§ Task description: Leave every image out, and print the remaining lines below exactly.

§ Given data:

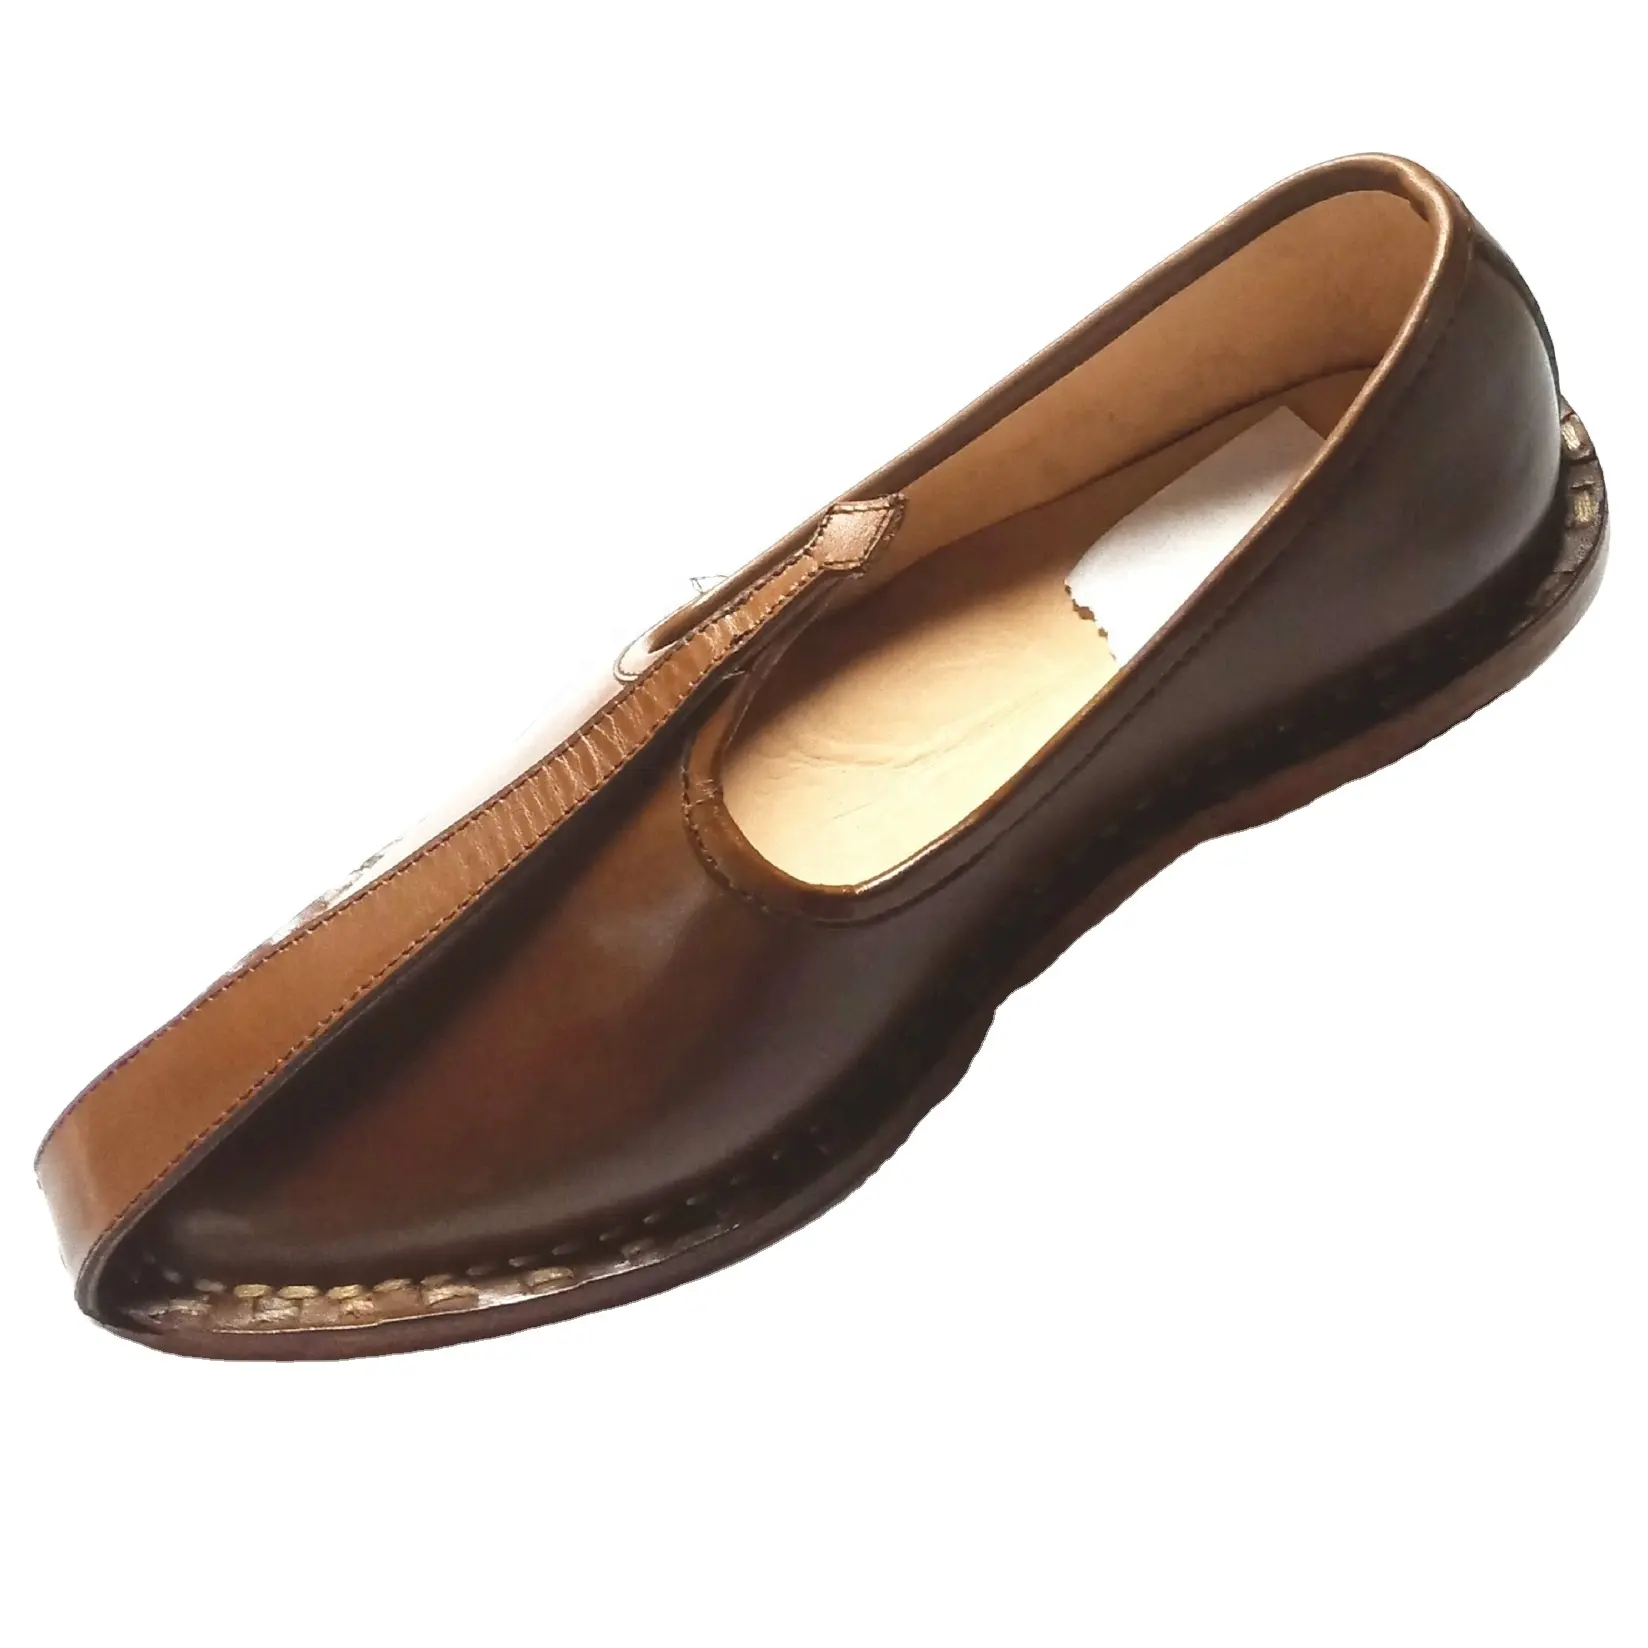 Scarpe in pelle Nagra abito da uomo mocassini nappe in pelle TPR suola in gomma scarpe formali in pura pelle originale
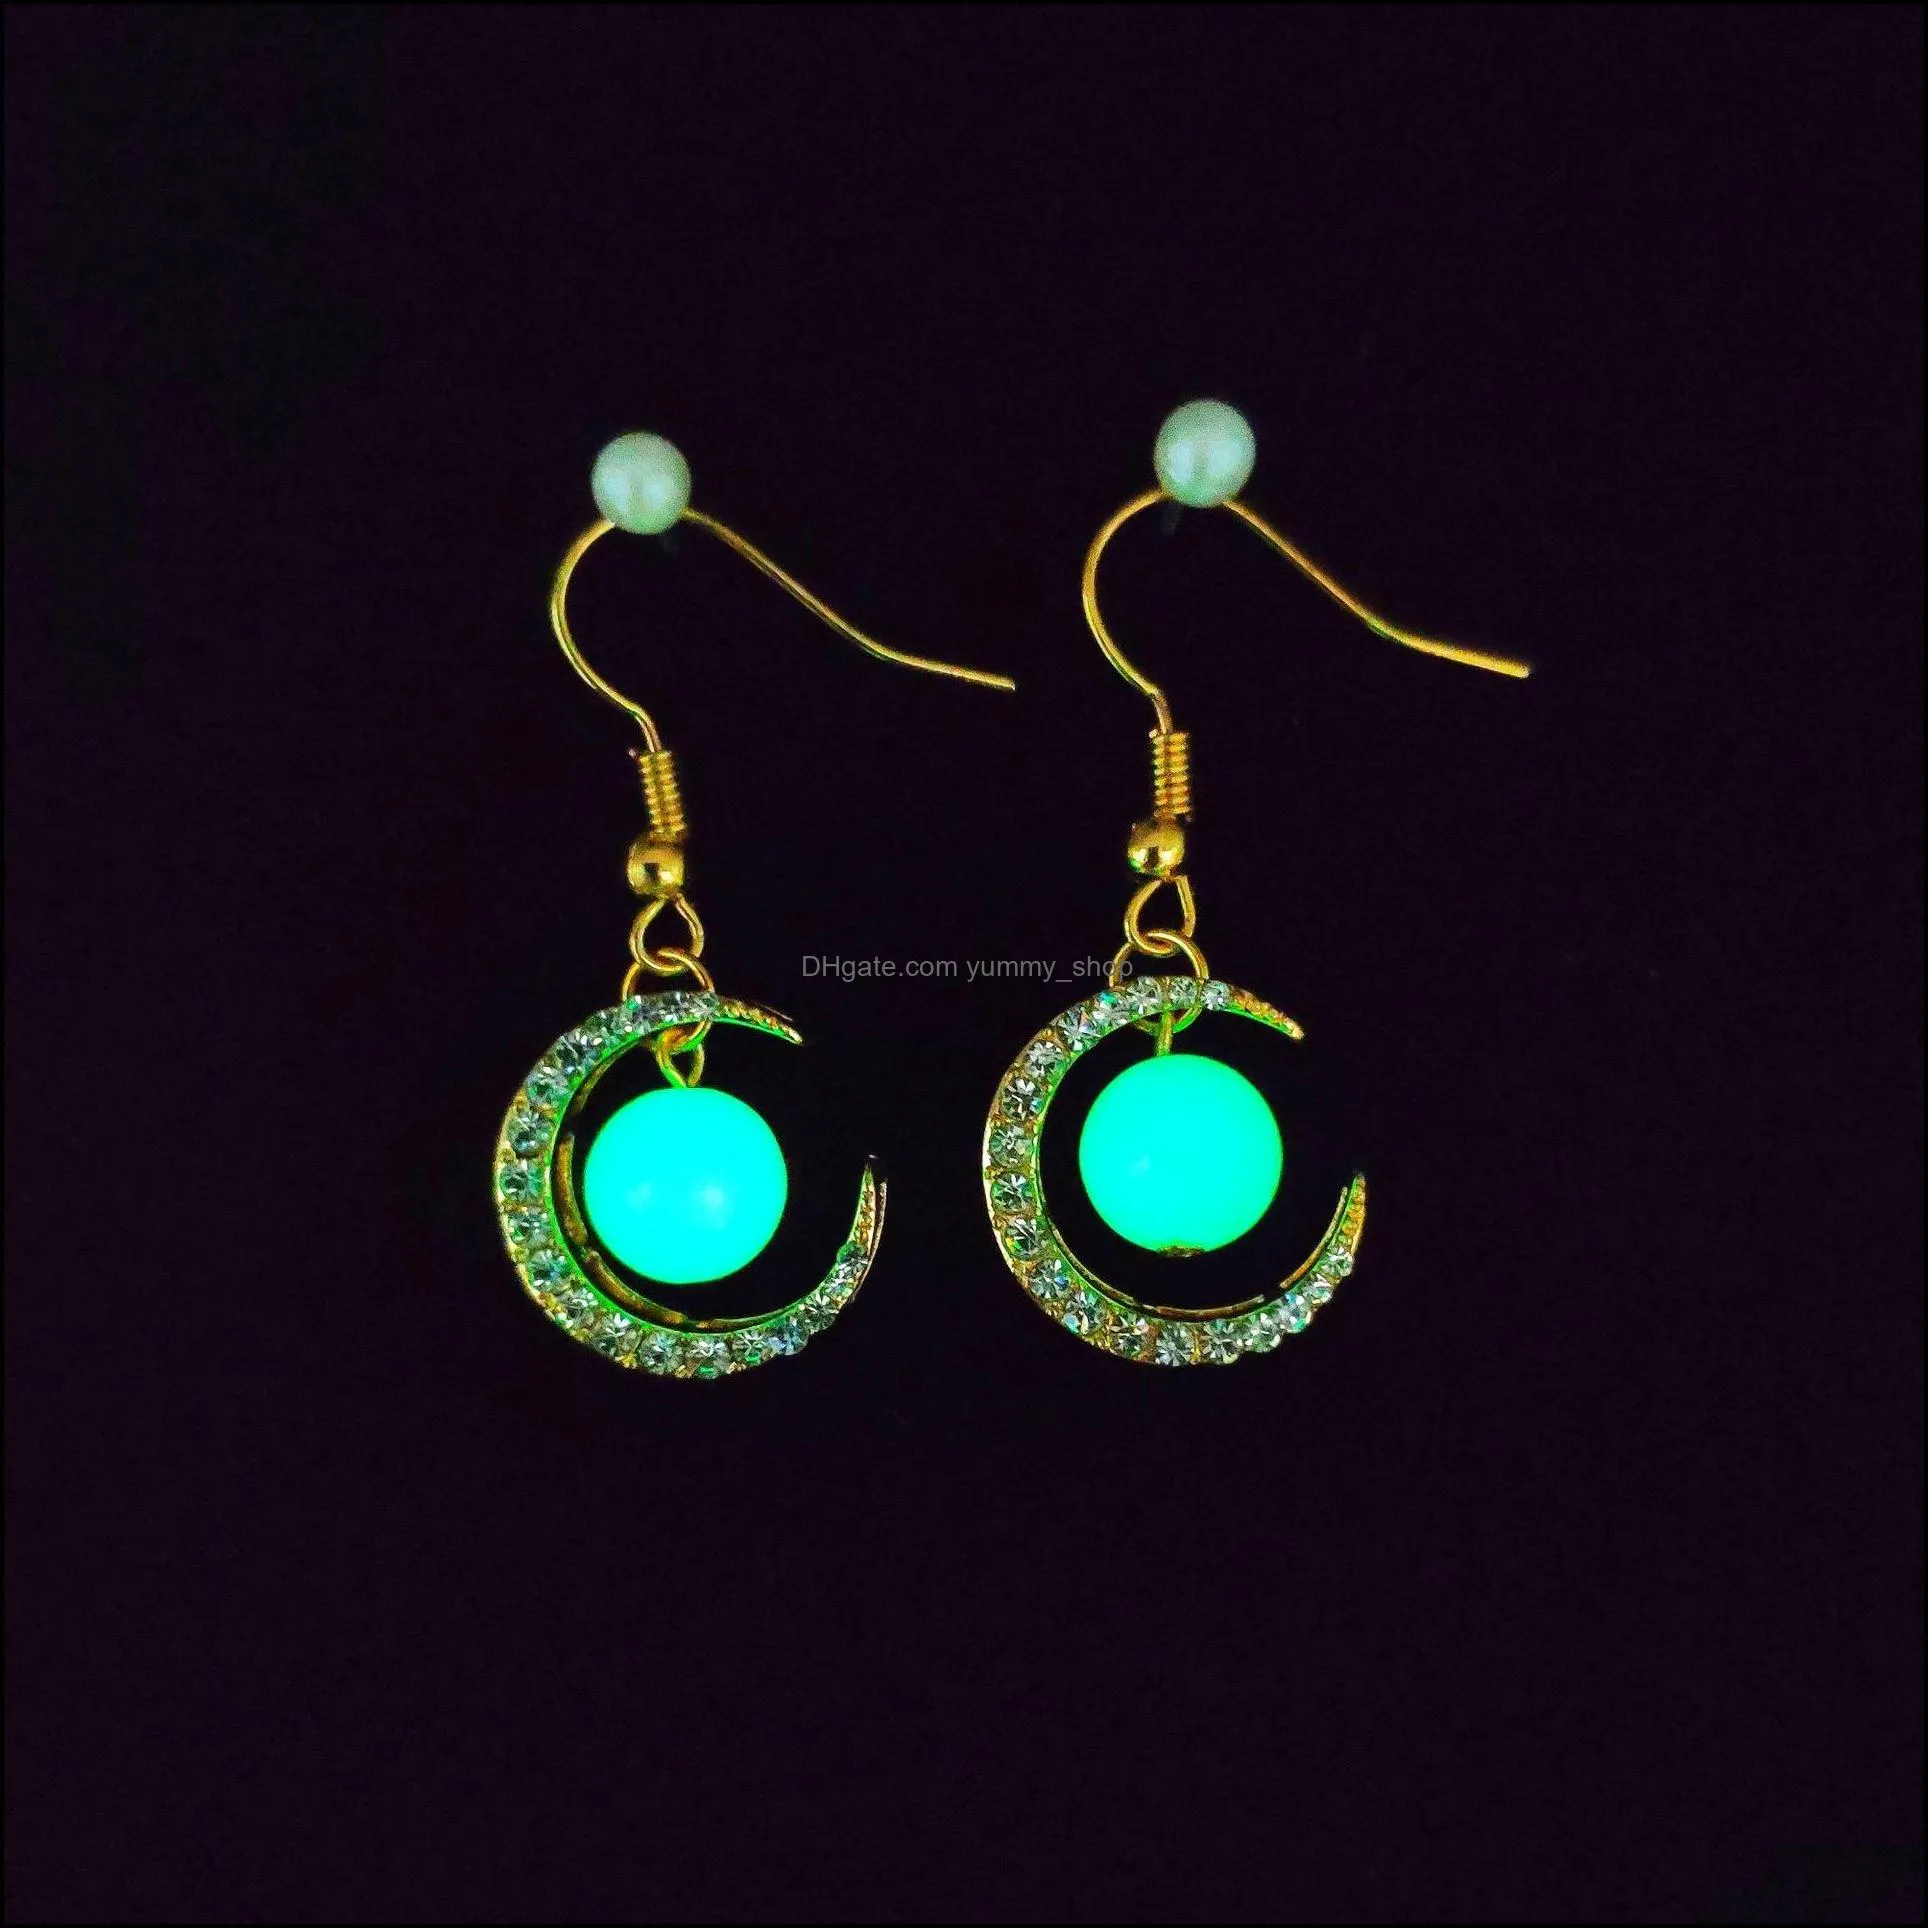 luminous pendant dangle earring classic stars moon key shape glow in the dark earrings women fluorescence jewelry
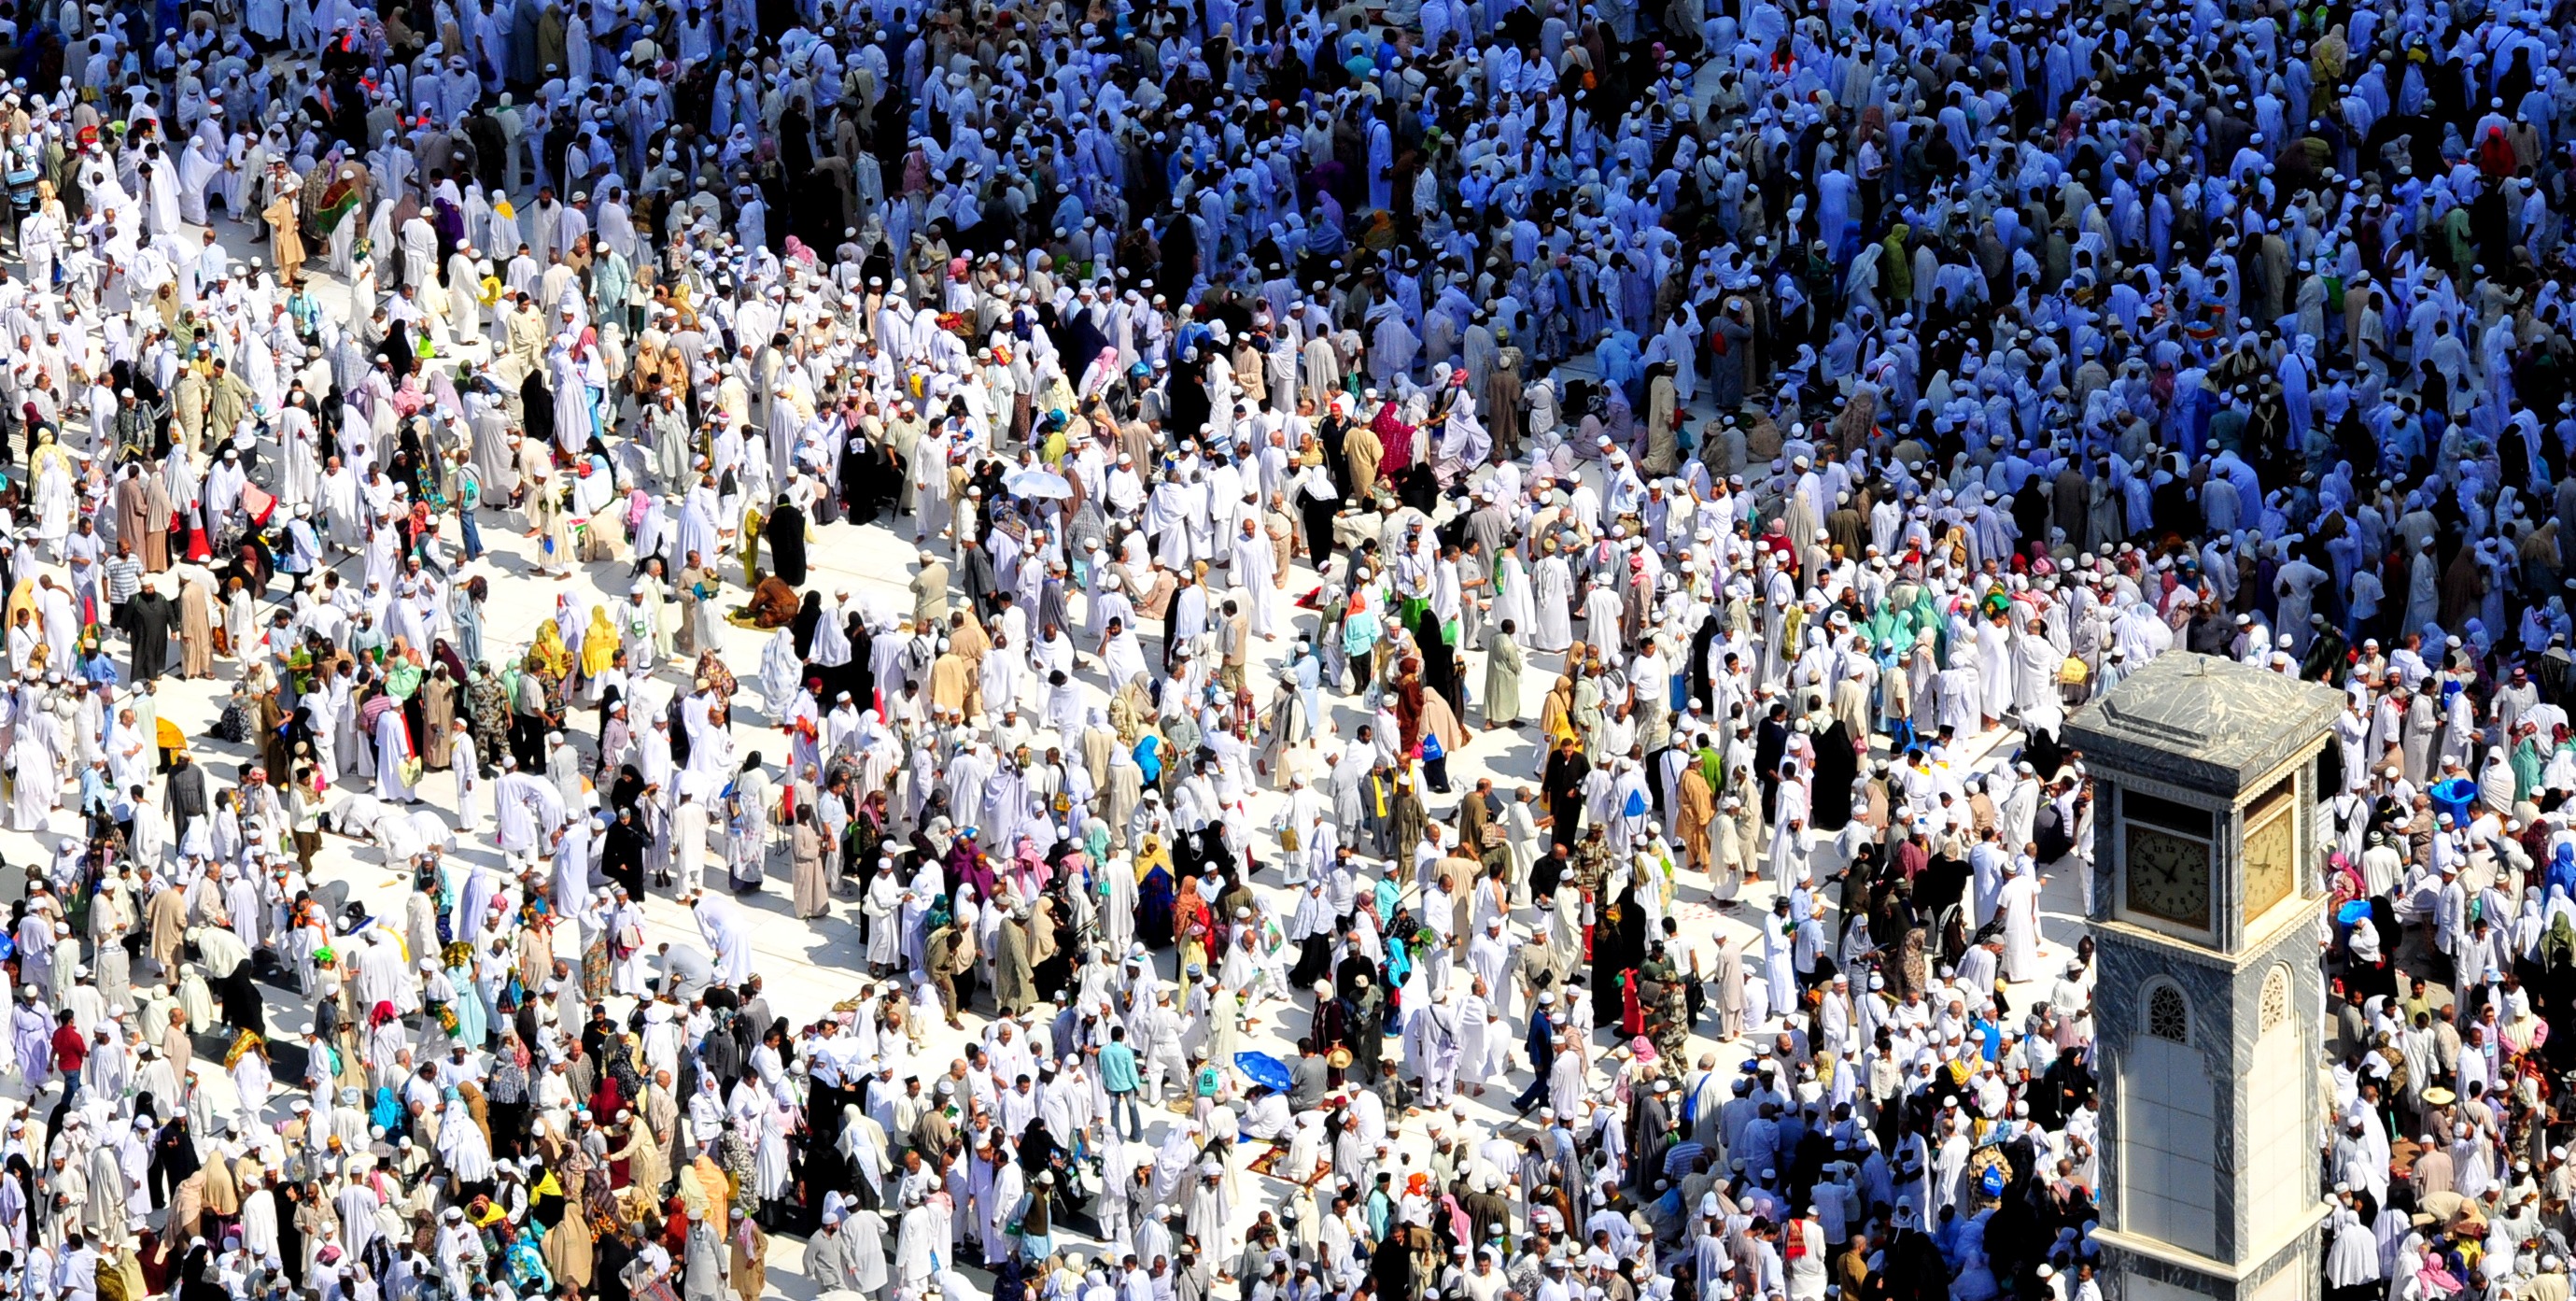 Antes de que los peregrinos se desplacen a otras ciudades para los rituales del Hajj, completan primero el tawaf dando siete vueltas alrededor de la Kaaba. cc Fadi El Binni para Al Jazeera

§ Written response:
 Scarpe in pelle Nagra abito da uomo mocassini nappe in pelle TPR suola in gomma scarpe formali in pura pelle originale
 luminous pendant dangle earring classic stars moon key shape glow in the dark earrings women fluorescence jewelry
 Antes de que los peregrinos se desplacen a otras ciudades para los rituales del Hajj, completan primero el tawaf dando siete vueltas alrededor de la Kaaba. cc Fadi El Binni para Al Jazeera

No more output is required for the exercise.